Raising a little human is a reasonably time-consuming affair. Yep, you heard it here first. With an extra person on board – one that is entirely dependent on you – it is fairly easy to neglect the one that isn’t. Occasionally this is fine, maybe even necessary, but the problem is if you play the same song long enough eventually it’s going to get stuck in your head.
That’s where my and I husband found ourselves a little while back, in our early baby-wrangling days. While we didn’t let the issue get to a concerning level we were both painfully aware that if we ignored the habits and attitudes that were slowly forming that in a year or two it would be concerning. So instead of ignoring it we decided to commit ourselves to a tune-up, a service, realignment and any other car-related pun you can think of.
Whether you have children or not though, most relationships need a tune-up occasionally and sometimes realising it is the hardest part. Here are the 3 things I have done which have helped my husband and I reconnect and realign since that crazy, wonderful, little creature entered our world.
The Imaginary Pen Pal
If your relationship is stuck in a rut then it is bloody easy to forget all the brilliant things about it. It can sometimes feel like you can’t resolve anything before another irritation/snipe/issue rears its ugly head. You either snap or resign yourself to it and walk off muttering like a madman. You need to refocus on all the good stuff, quick smart. A great solution is the imaginary pen pal. Don’t roll your eyes, it works!
Sit yourself down with a pen and paper and write a letter to your imaginary long-lost pen pal. Pretend you haven’t written to them since meeting your partner. You can’t wait to tell them the whole story. Write about how you met, describe them (all your favourite bits), talk about the highlights, and laugh about the bad bits. Brag about all that is good – their positive attributes, what you love most about them, what your plans are for the future. Basically this is just a giant, person-specific gratitude List!

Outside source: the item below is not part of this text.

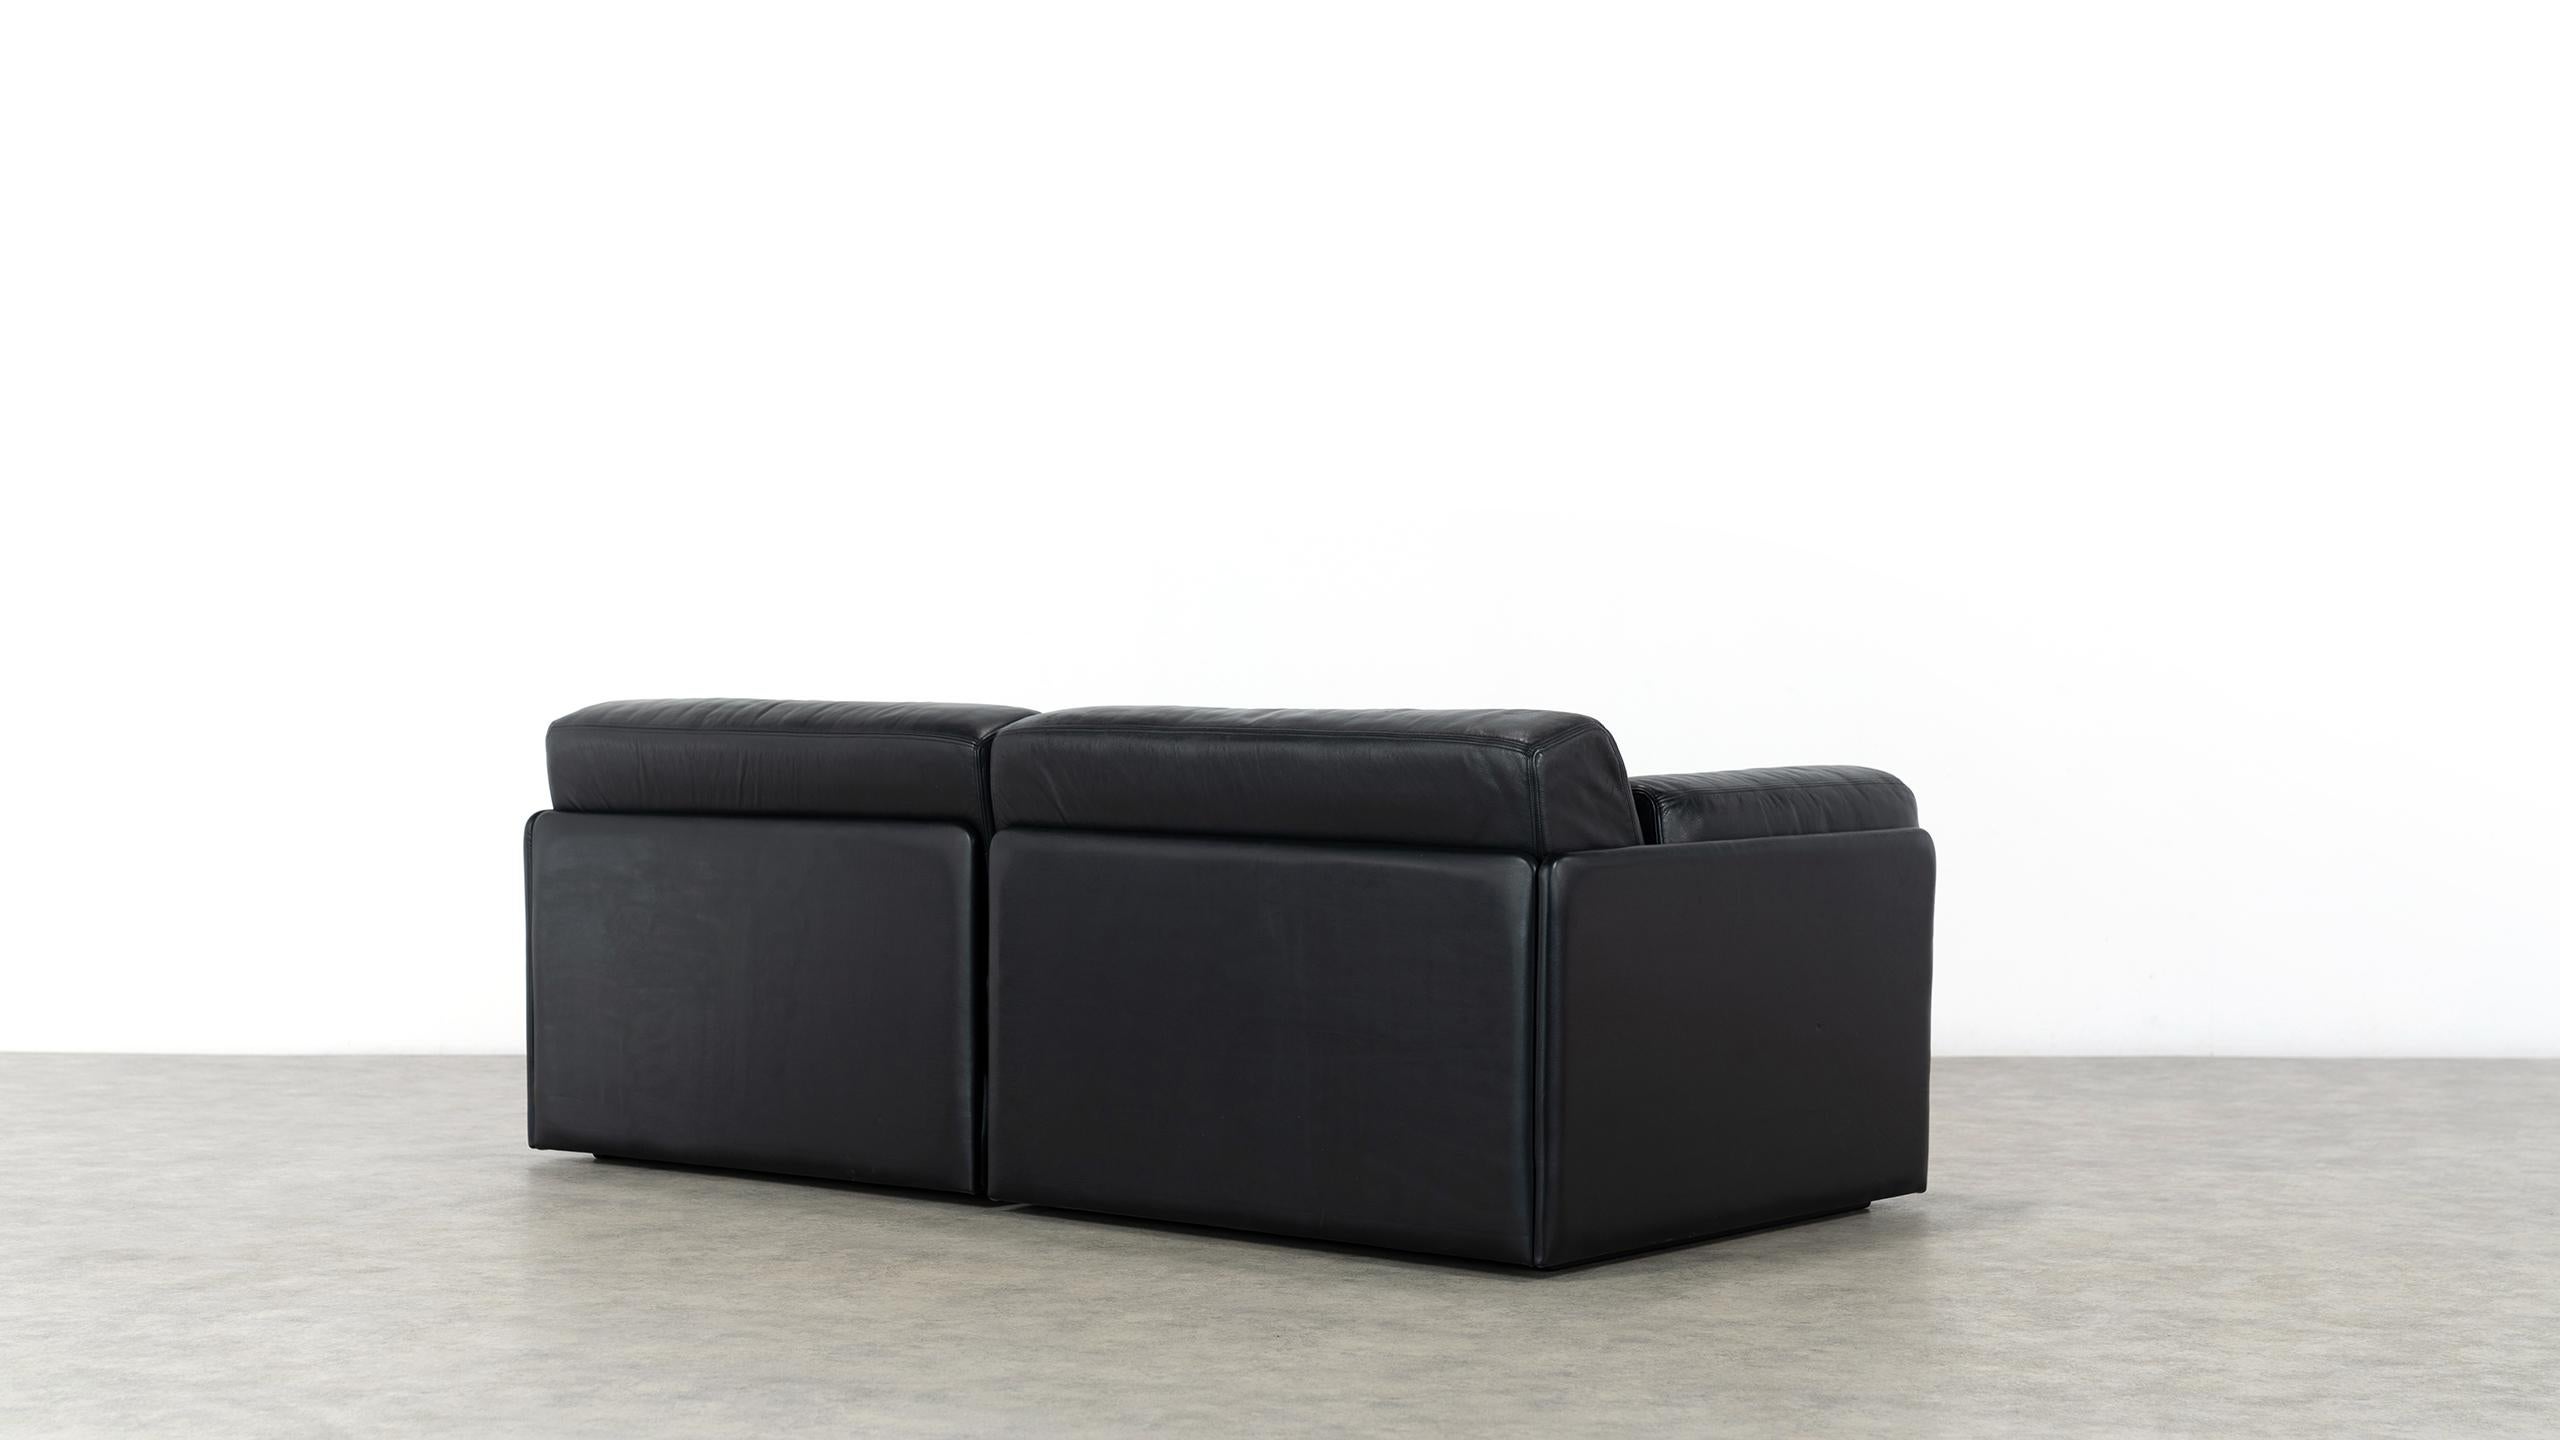 De Sede Ds76, Sofa & Daybed in Black Leather, 1972 by De Sede Design Team 5

By the end of my letter not only had I been reminded about how flippin’ amazing my husband is but I also had a bit of clarity on my own actions. Things that ‘were totally his fault’ all of a sudden made a bit more sense. I realised I wasn’t being his cheerleader: I was struggling against him. As far as light-bulb moments go this was pretty blinding.
The Myers-Briggs Test
This is not your average personality test. It only has four questions however it is basically a crystal ball. Since discovering the test I have forced everyone in my life to take it as well and have had so many moments rolling around in hysterics at the perceptiveness of it. For example it picked up that for my personality type (ENFP – The Inspirer) I find cleaning particularly hard-work and “find life very unpleasant when forced to partake in such mundane activities”. My parents found that particularly amusing. It also noticed that I harbor an “extreme dislike for criticism” – hang on, that’s ringing some bells?
Besides being a novelty this test DOES have its purpose. For us it sort of “reworded” a lot of opinions and thoughts that we had each been having and explained certain behaviours. It also spoke to the absolute strengths of the other person and (similar to the Pen-Pal solution) made us realise how lucky we were to have each other.

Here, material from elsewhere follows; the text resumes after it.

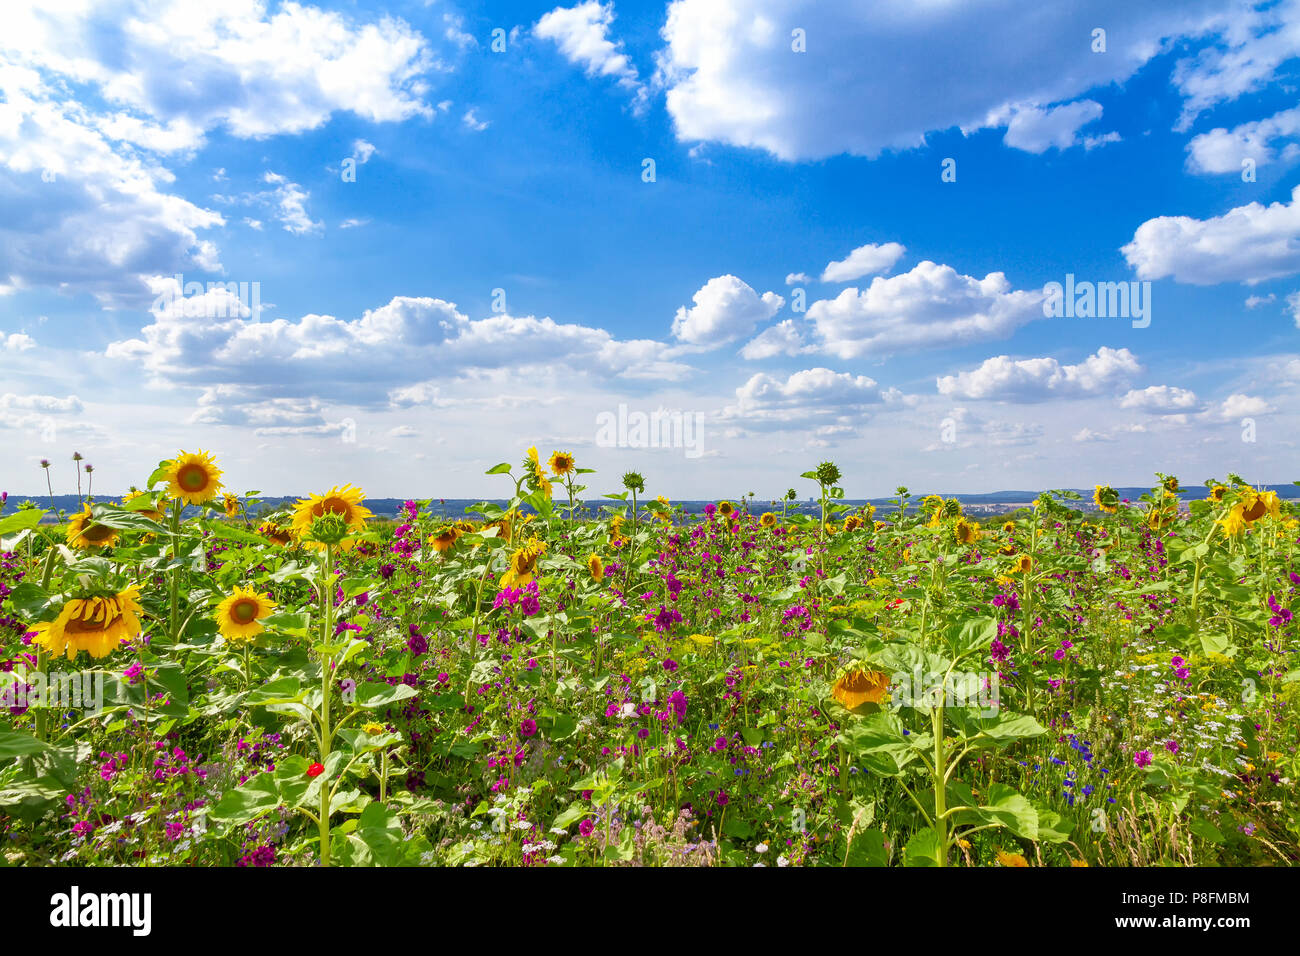 Flower field in summer Stock Photo

Basically I can’t recommend it enough in developing communication and understanding between new or established relationships. Warning though – it can be a little confronting. But I highly recommend it.
- Take the test here
- Then Google your “your 4 letter code + personality page”.

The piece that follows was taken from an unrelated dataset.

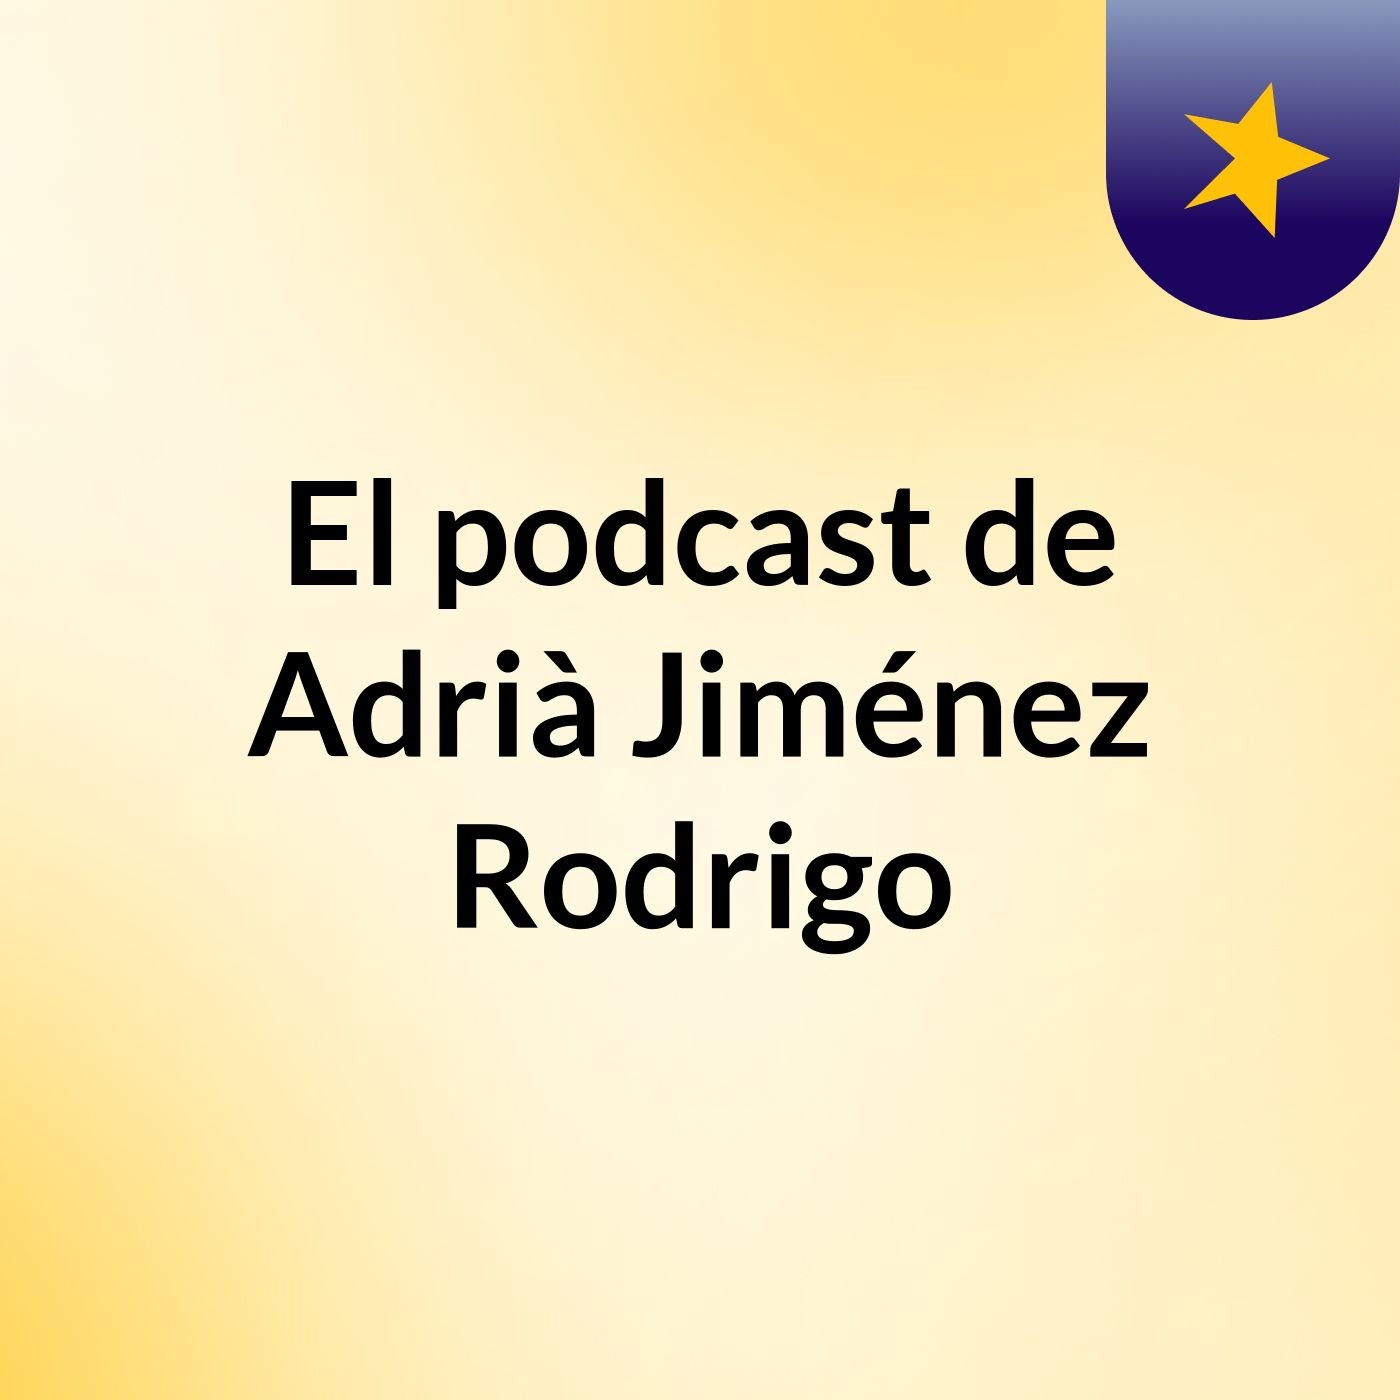 El podcast de Adrià Jiménez Rodrigo

Interesting fact: Out of the 15 tests I have now forced upon friends and family not once has the ‘career choice’ section been wrong. It has picked all of my loved ones as the doctors, accountants, artists and wanderers that they are.
Listen – properly. With nothing else on your mind. Put down what you are doing or put aside the list that is coursing through your mind. Be 100% fully present, as if it was your first date. Ask questions. Turn off the TV. Stop playing with your phone. No more half communication.